Lembremo-nos, agora, da ética kantiana, que foi justificada em seus


livros “Crítica da Razão Prática”, “Fundamentação da Metafísica dos
Costumes” e “A Metafísica dos Costumes”, sem a necessidade de qualquer
atividade intersubjetiva envolvendo o autor, Kant, e qualquer outro sujeito.

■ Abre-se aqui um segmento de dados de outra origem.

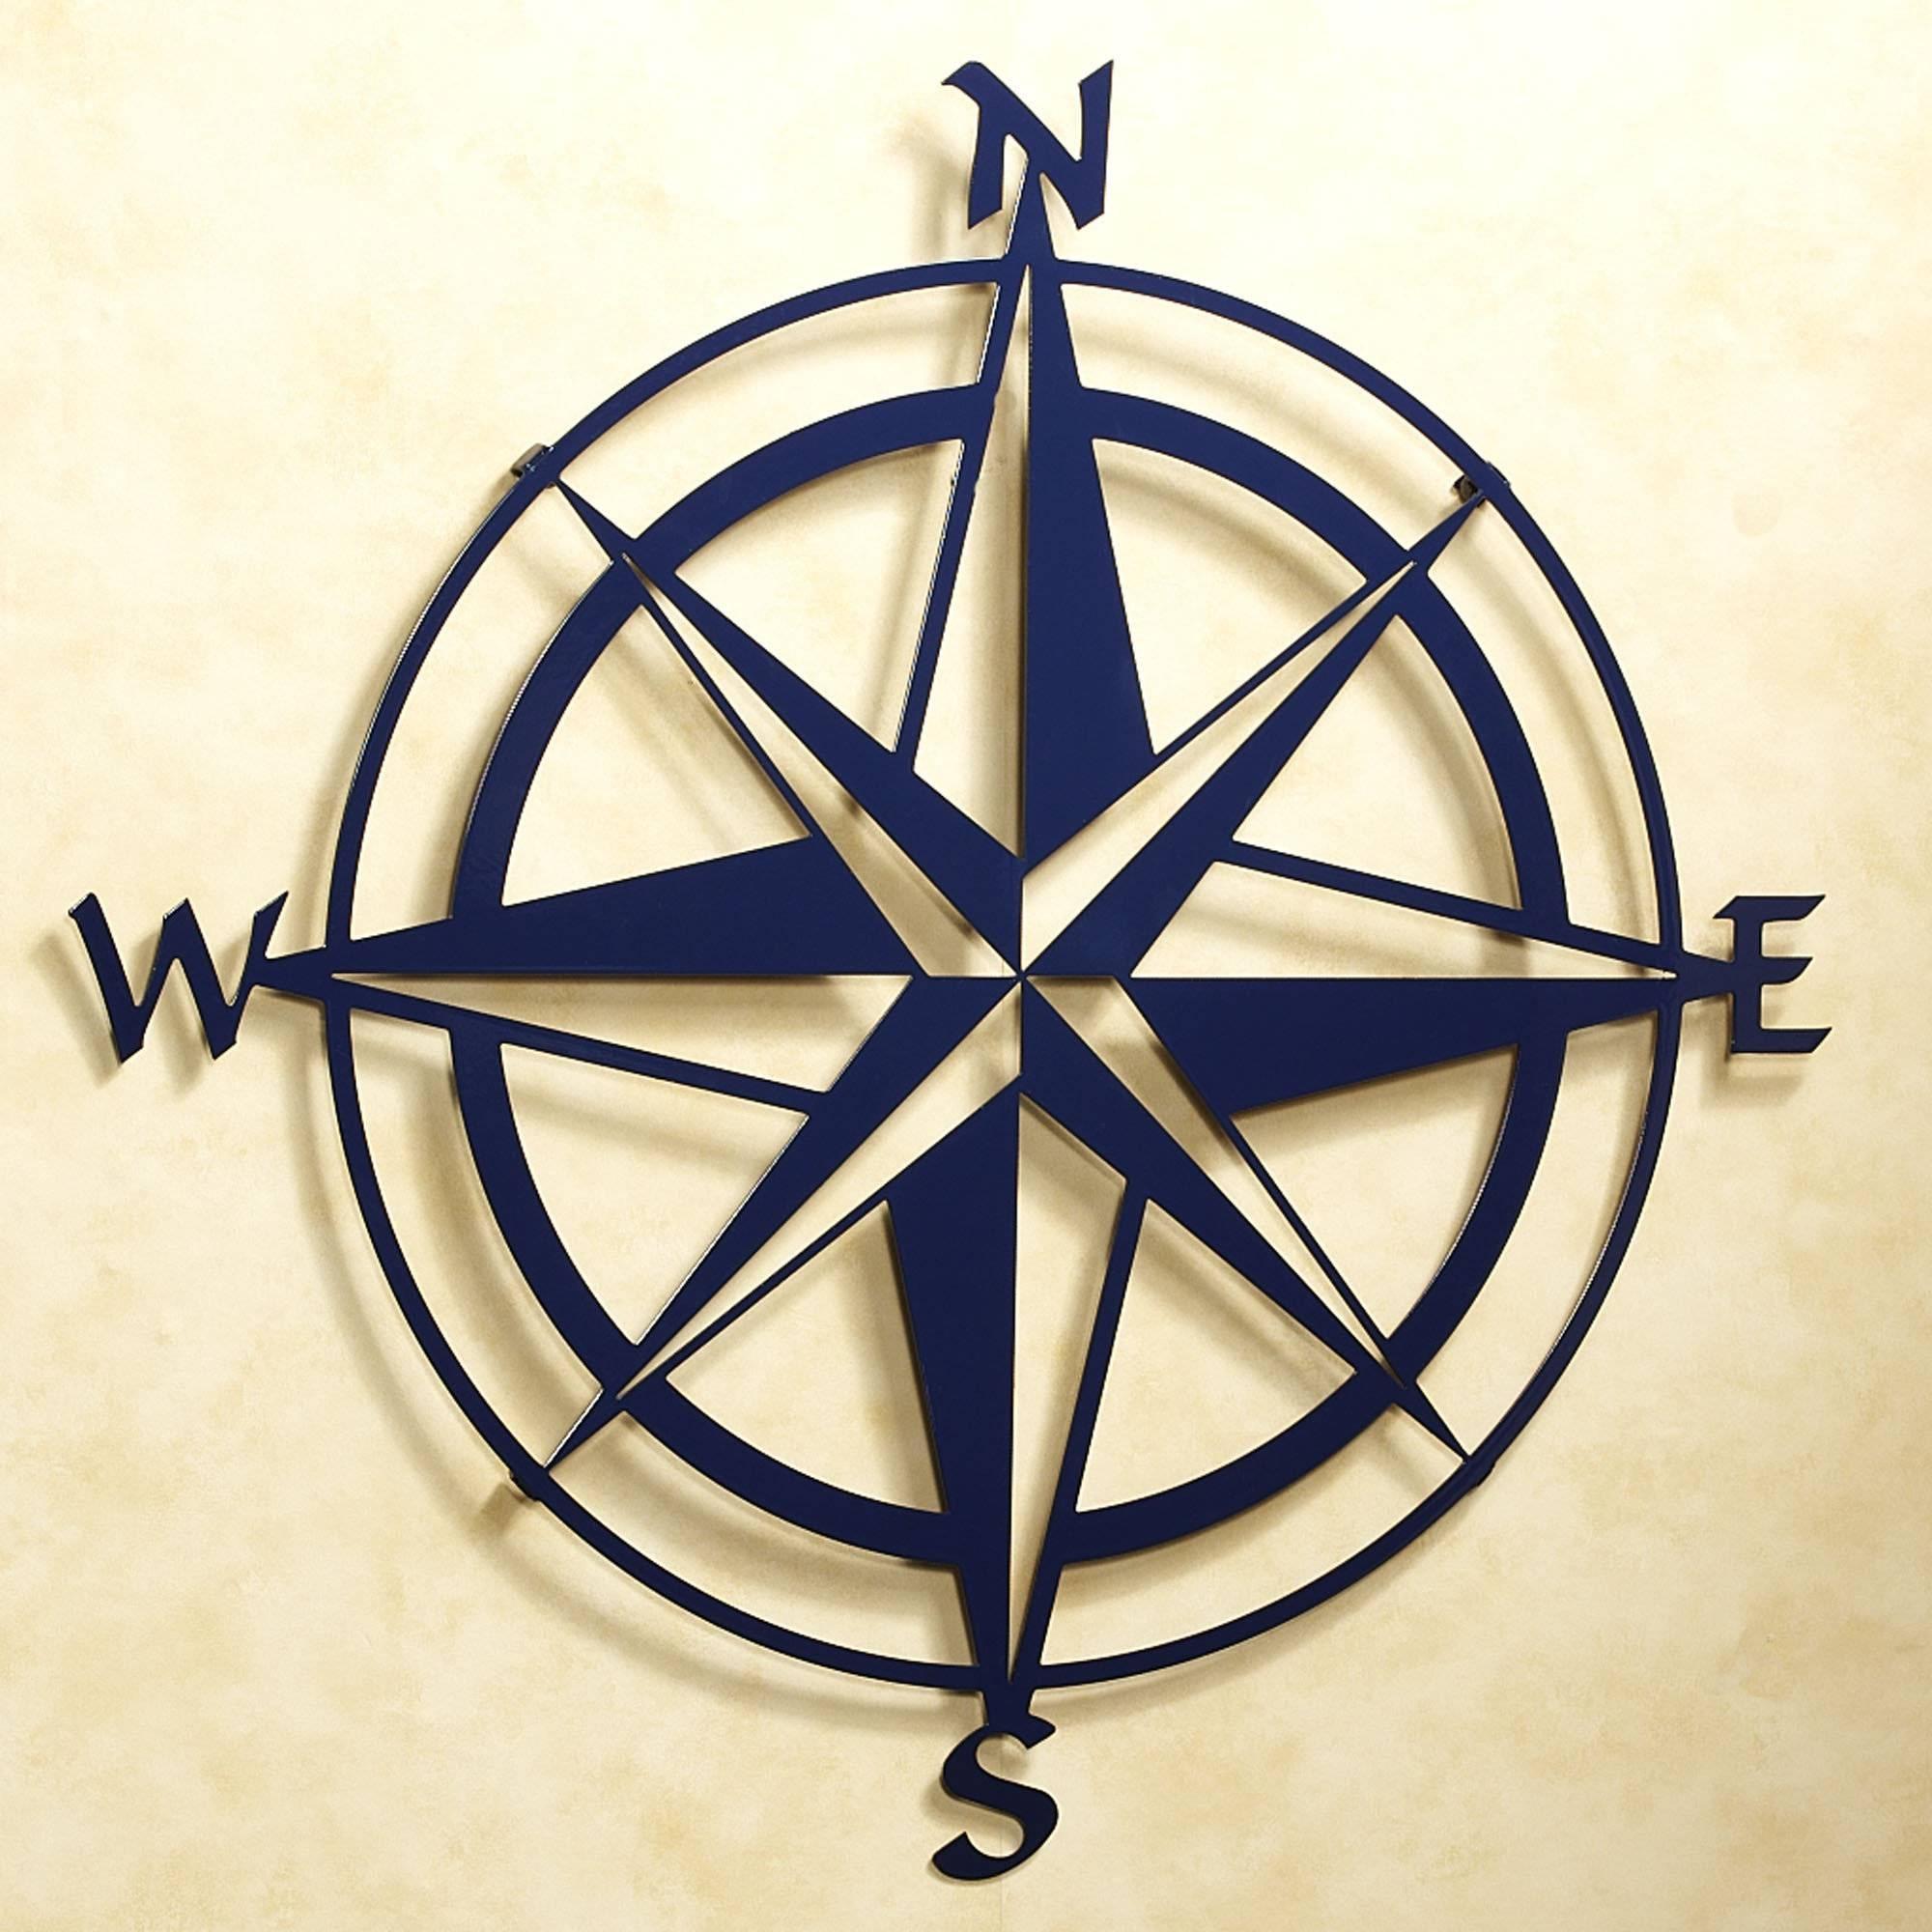 Wall Art Design Ideas: Nautical Metal Compass Rose Wall Art Within Most Recent Nautical Metal Wall Art (View 1 of 20)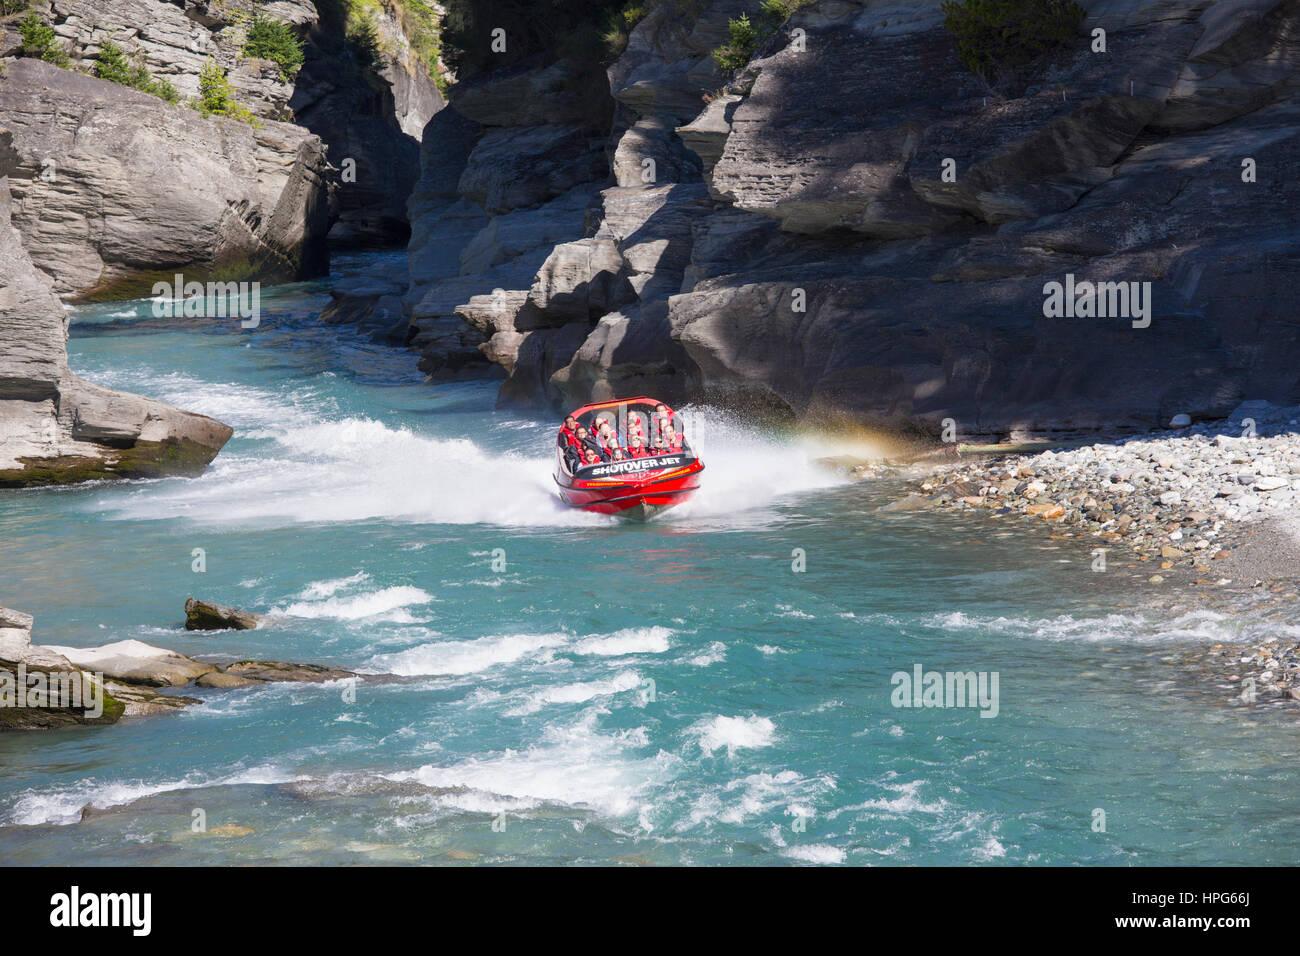 Queenstown, Otago, Nuova Zelanda. Shotover Jet Boat emergente dalla stretto canyon sul fiume Shotover. Immagini Stock

Geralmente objetam dizendo que o livro é o instrumento no qual Kant usa para
argumentar, e que passa a ser uma argumentação a partir do momento que ele
mostra para alguém; no livro, porém, a proposição já está justificada, ele já
chegou a uma conclusão antes de apresentar o livro a outra pessoa. A
premissa primeira da ética argumentativa é patética, e nada mais. Obtemos,
então, que a defesa racional de argumentos independe de qualquer troca que
seja feita com esses argumentos, e sequer que esses argumentos só podem
ser provados verdadeiros enquanto há comunicação intersubjetiva. Sendo
assim, é possível que justifiquemos algo fora de uma argumentação e,
portanto, a pressuposição da autopropriedade é meramente contingente e,
dessa forma, é possível que provemos éticas sem ter de presumi-la.